== Data supplied ==
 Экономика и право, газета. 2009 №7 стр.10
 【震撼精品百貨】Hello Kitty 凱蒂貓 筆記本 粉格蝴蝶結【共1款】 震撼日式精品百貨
===
== Data supplied ==
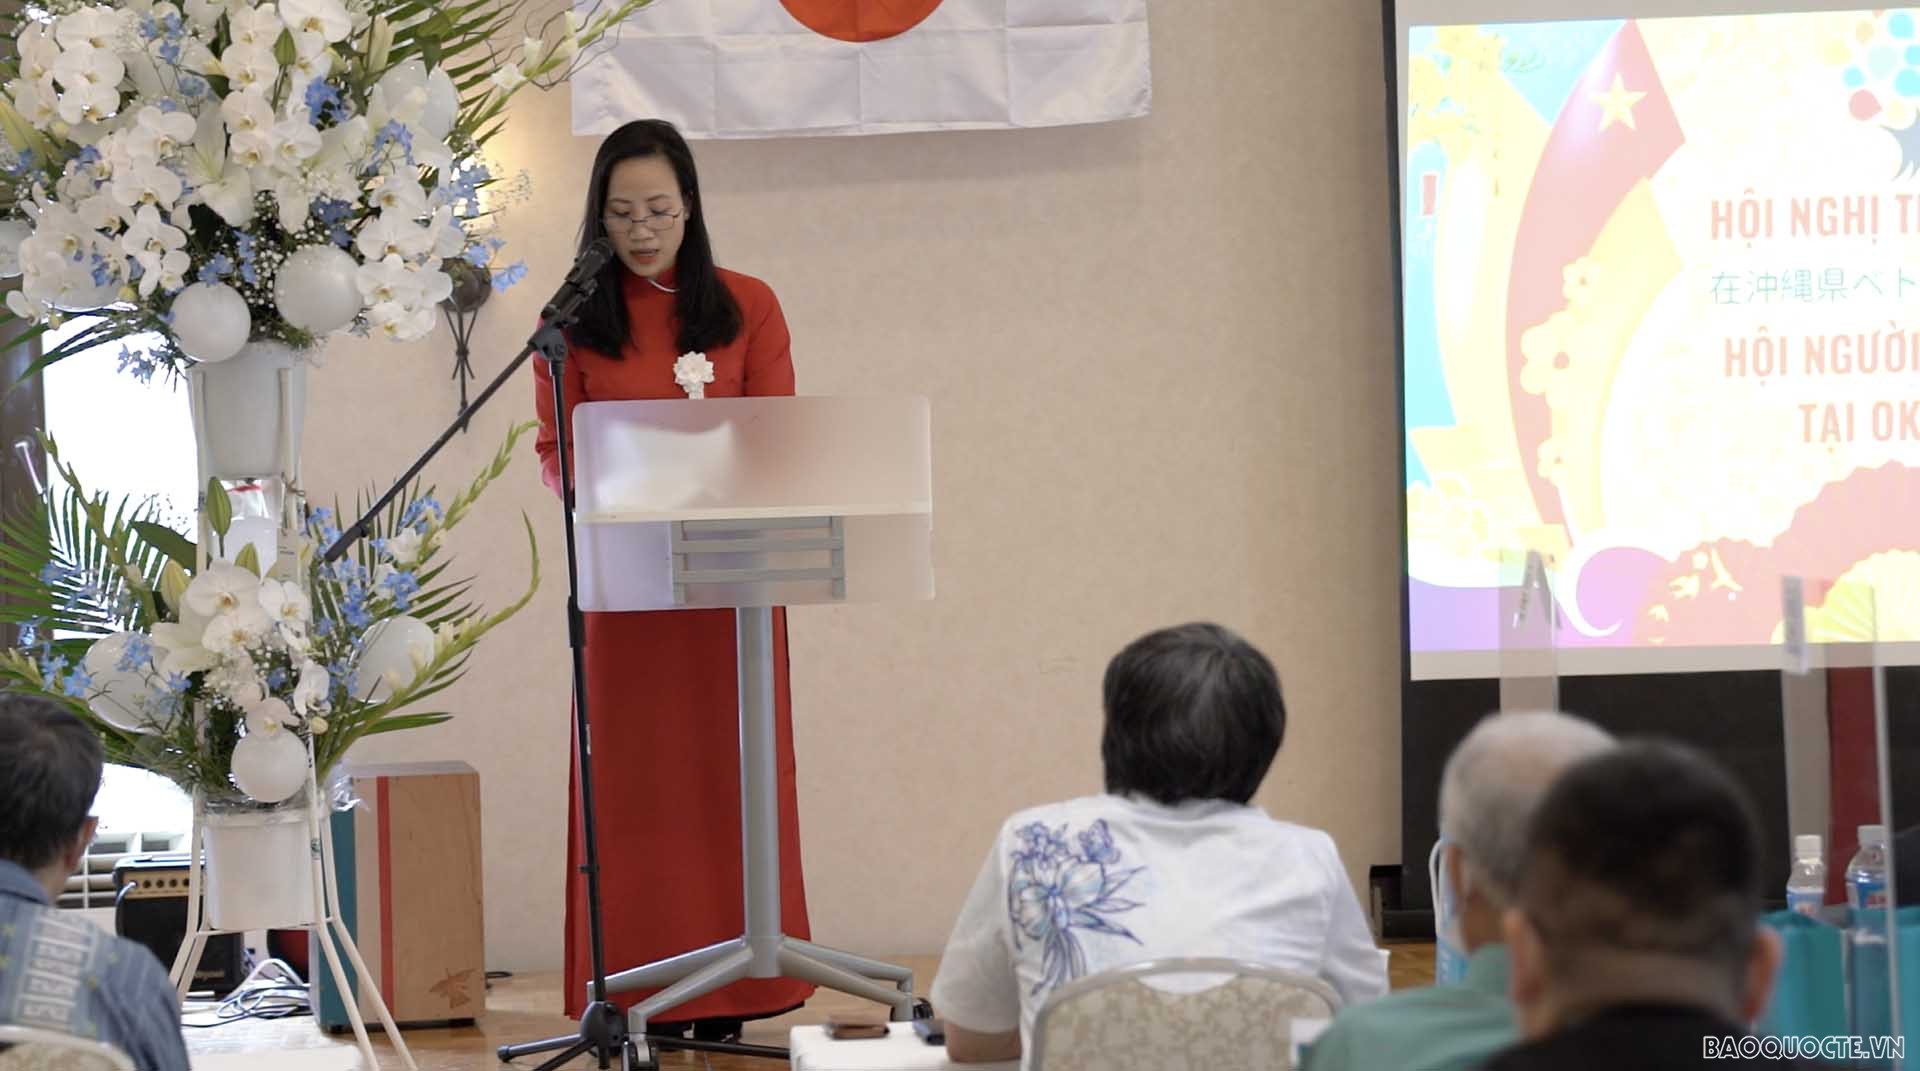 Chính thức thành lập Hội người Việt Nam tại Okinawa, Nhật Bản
===
== Data supplied ==
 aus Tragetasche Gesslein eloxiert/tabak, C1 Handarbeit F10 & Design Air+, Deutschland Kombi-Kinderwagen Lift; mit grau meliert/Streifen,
===
_What is being asked_.
From the line containing "Экономика и право, газета. 2009 №7 стр.10" down to the line containing "筆記本 粉格蝴蝶結【共1款】 震撼日式精品百貨" in the material above, reproduce every line exactly, including the two end lines.

_Your solution_.
 Экономика и право, газета. 2009 №7 стр.10
 【震撼精品百貨】Hello Kitty 凱蒂貓 筆記本 粉格蝴蝶結【共1款】 震撼日式精品百貨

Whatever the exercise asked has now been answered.